Das Bühnenbild besteht häufig aus einer Drehbühne mit umschließenden Seitenteilen, die zusammen geschoben das große Schiff „Hispanola“ darstellen. Auf ihr finden die Piraten bis zur Bühnendecke Platz. Der drehbare Mittelteil ist mit einer weißen Projektionsfläche ummantelt, der auch für blitzschnelle Ensemble-Wechsel zwischen den Ebenen genutzt wird. Insgesamt ist die Konstruktion nicht sonderlich beeindruckend, sorgt aber funktional für einen schnellen Ablauf auf der vergleichsweise kleinen Bühne des Schlosstheaters. Gut gelungen sind auch Wechsel über die Bühnenhälften, bei denen die Vorhänge halbseitig wie eine Flagge herabgelassen werden.

Musikalisch zeigt Komponist Dennis Martin bei diesem Musical sein herausragendes Talent. Von mitreißenden Balladen bis hin zu epischen Piratenklängen findet hier jeder Besucher seinen persönlichen Ohrwurm.

Dargeboten werden diese von einem erstklassigen Cast, der der Erstproduktion ähnelt. Friedrich Rau schlüpft erneut in die Hauptrolle und zeigt kurz nach der Derniére als DER MEDICUS seine Wandlungsfähigkeit als „Louis Stevenson“, „Dr. Livesey“ und „Ben Gunn“. Sein charismatischer Gesang führt gewohnt brillant durch die Handlung. Ihm zur Seite steht wieder Anna Thorén, die als  „Fanny“ und „Mrs. Hawkins“ mit engelsgleicher Stimme die mitreißenden Balladen gekonnt präsentiert. Die Rollen des „Vaters“ und „Captain Smollett“ füllt erstmals Reinhard Brussmann mit seiner starken Präsenz und herrschendem Gesang gut gewählt aus. Auch in diesem Jahr ist es wieder eine Freude Andreas Lichtenberger als „Silver“, „Captain Flint“ und „Sam“ zu sehen. Er hat sichtlich Spaß als Pirat zu agieren und begeistert das Pubklikum. Und auch Frank Logemann als „Hands“ und „Bones“ präsentiert „seine“ Piraten in Perfektion. Last but not least ist mit tosendem Applaus Anna Maria Eichler hervorzuheben:  Das 12-jährige Mädchen spielt so professionell, das kein Unterschied zu den erfahrenen Bühnenprofis zu bemerken ist. Absolut authentisch und und auch gesanglich überzeugend zeigt sie die anspruchvollsten Kinderrollen der spotlight Werke „Lloyd“ und „Jim“ mit nachhaltigem Eindruck. Insgesamt stehen 25 Darsteller auf der Bühne, die allesamt unterschiedliche Rollen in gewohnter spotlight Musicals-Perfektion mit aufwendigen Choreographien (Michal Mataj) und tollen Kostümen (Andrea Kucerová) darbieten.

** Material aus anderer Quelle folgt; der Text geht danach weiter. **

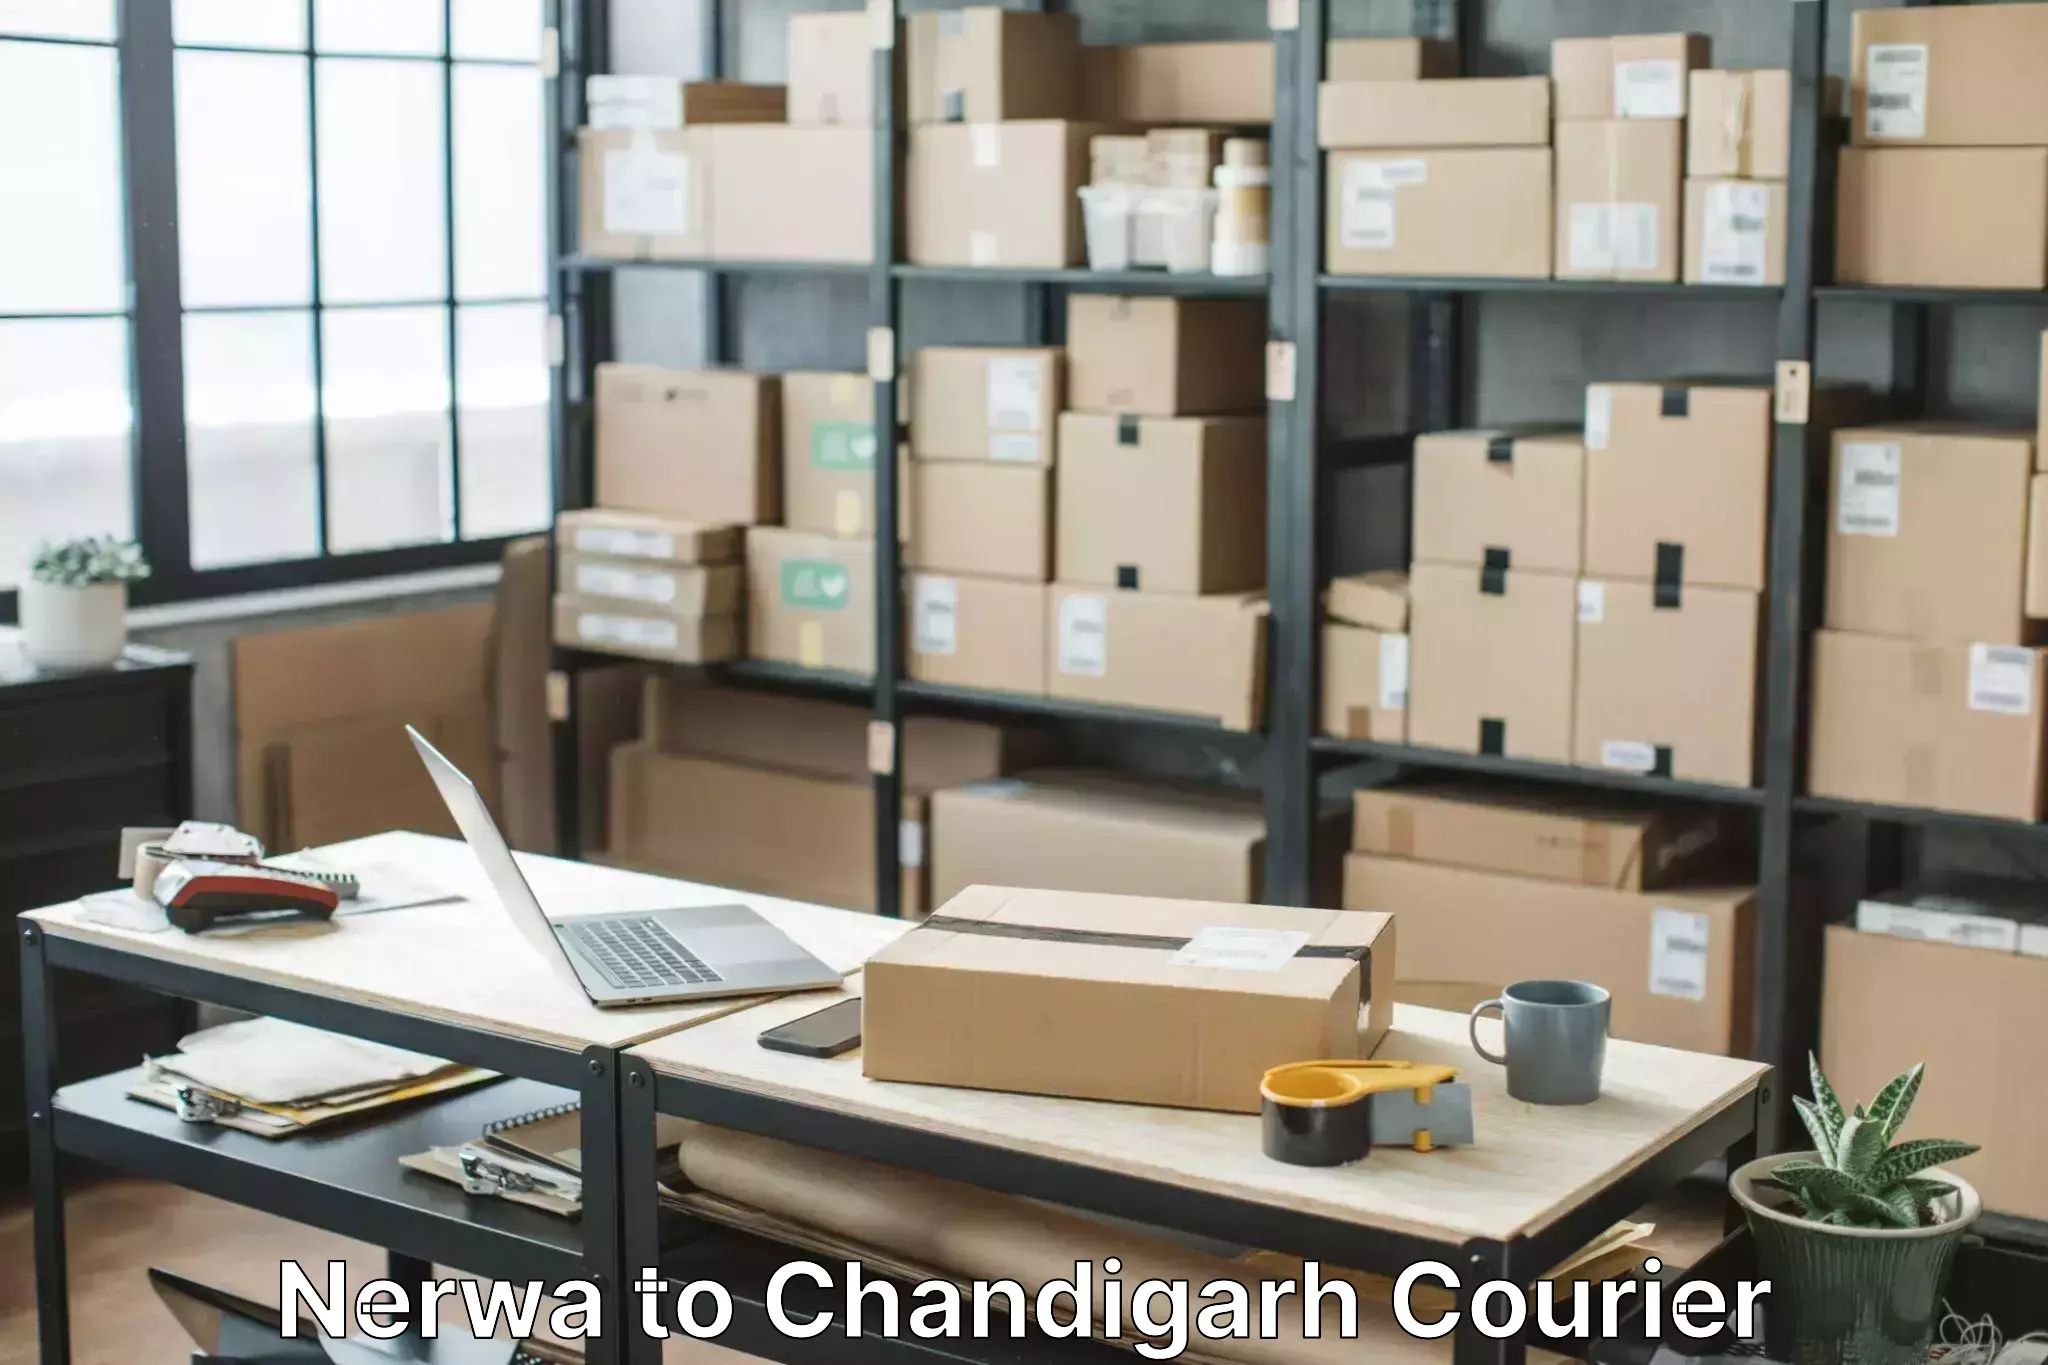 Professional moving company Nerwa to Panjab University Chandigarh

So ist DIE SCHATZINSEL weit mehr als nur eine Piratengeschichte. Sie ist Fantasiespektakel und Vita zugleich, zeigt facettenreich das Talent der Darsteller und des Komponisten und lässt durch seinen intelligenten und dramaturgisch steigenden Handlungsverlauf keine Wünsche offen.

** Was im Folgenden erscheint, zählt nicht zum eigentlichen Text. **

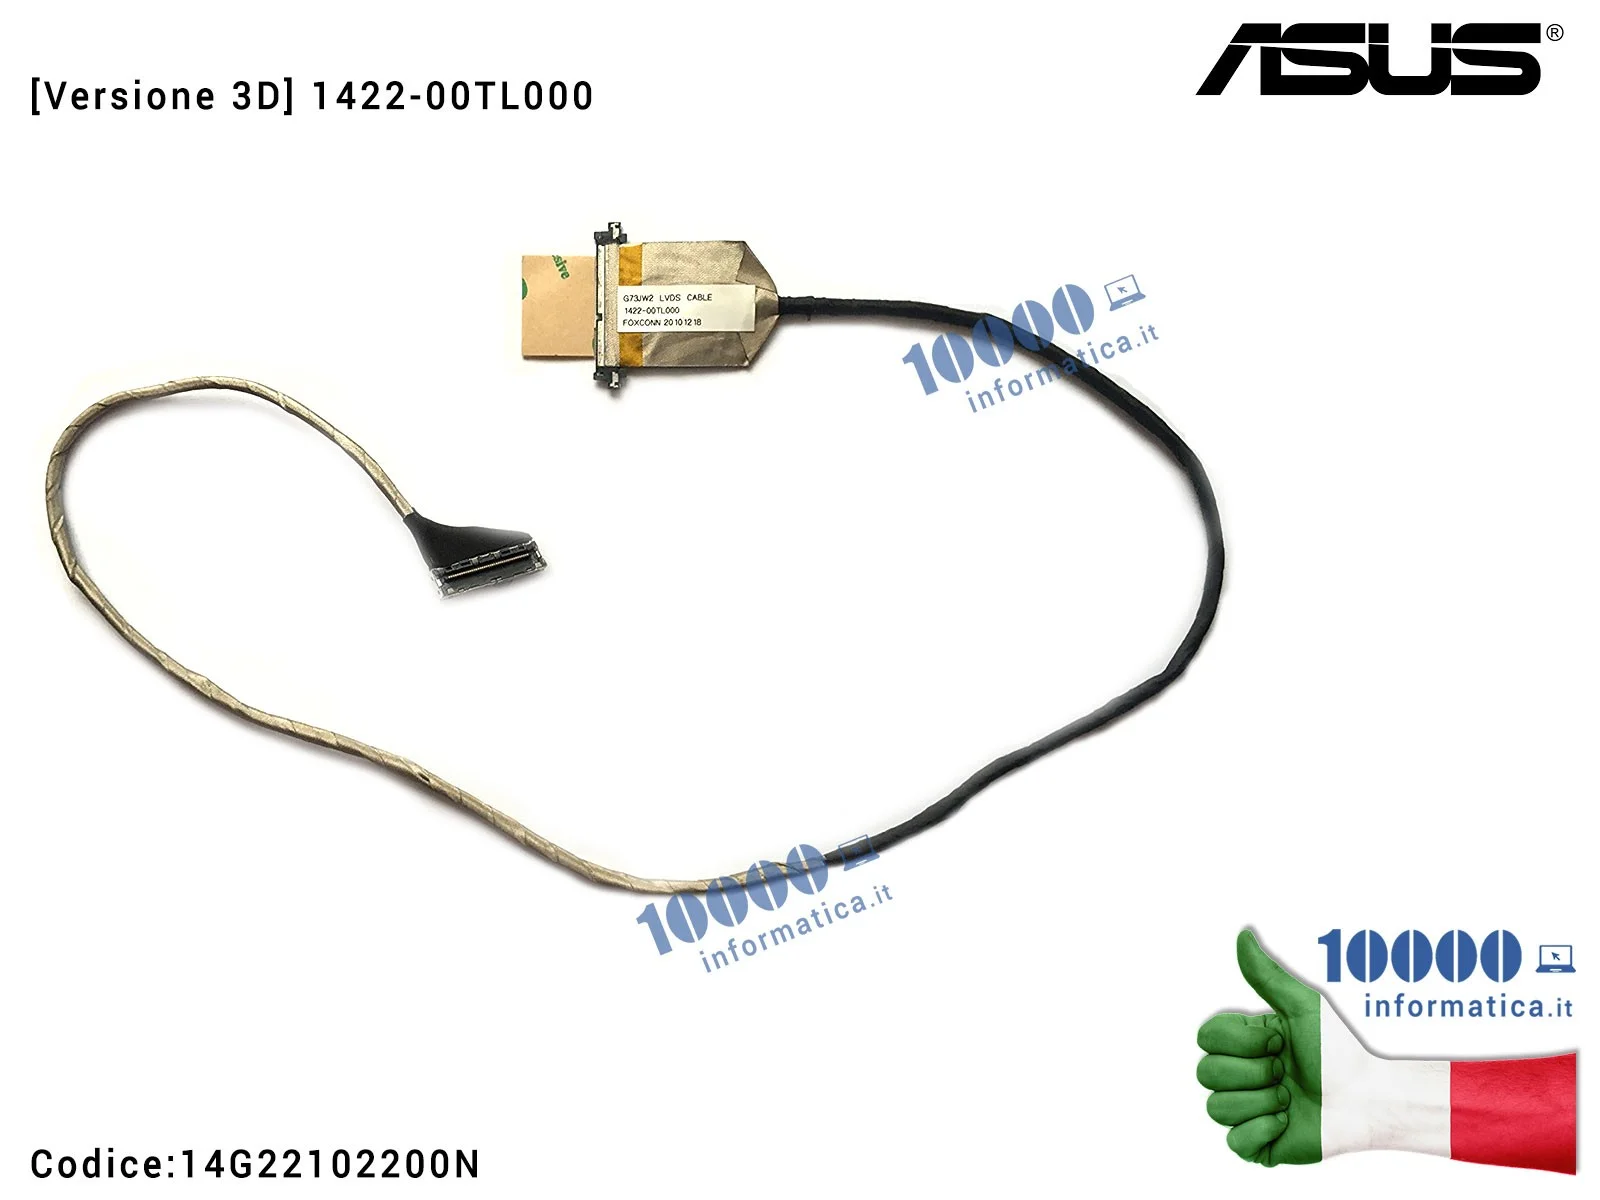 14G22102200N Cavo Flat LCD ASUS [VERSIONE 3D] ROG G73 G73J G73JH G73JW G73SW [3D] 1422-00TL000 14G22102200G

Bis zum 2. September  wird DIE SCHATZINSEL noch in Fulda aufgeführt. Wer das abwechslungsreichste Werk von spotlight Musicals noch erleben möchte, sollte diese Chance nutzen. Im kommenden Jahr pausiert es wieder und lässt der PÄPSTIN, dem MEDICUS und open air BONIFATIUS den Vorrang.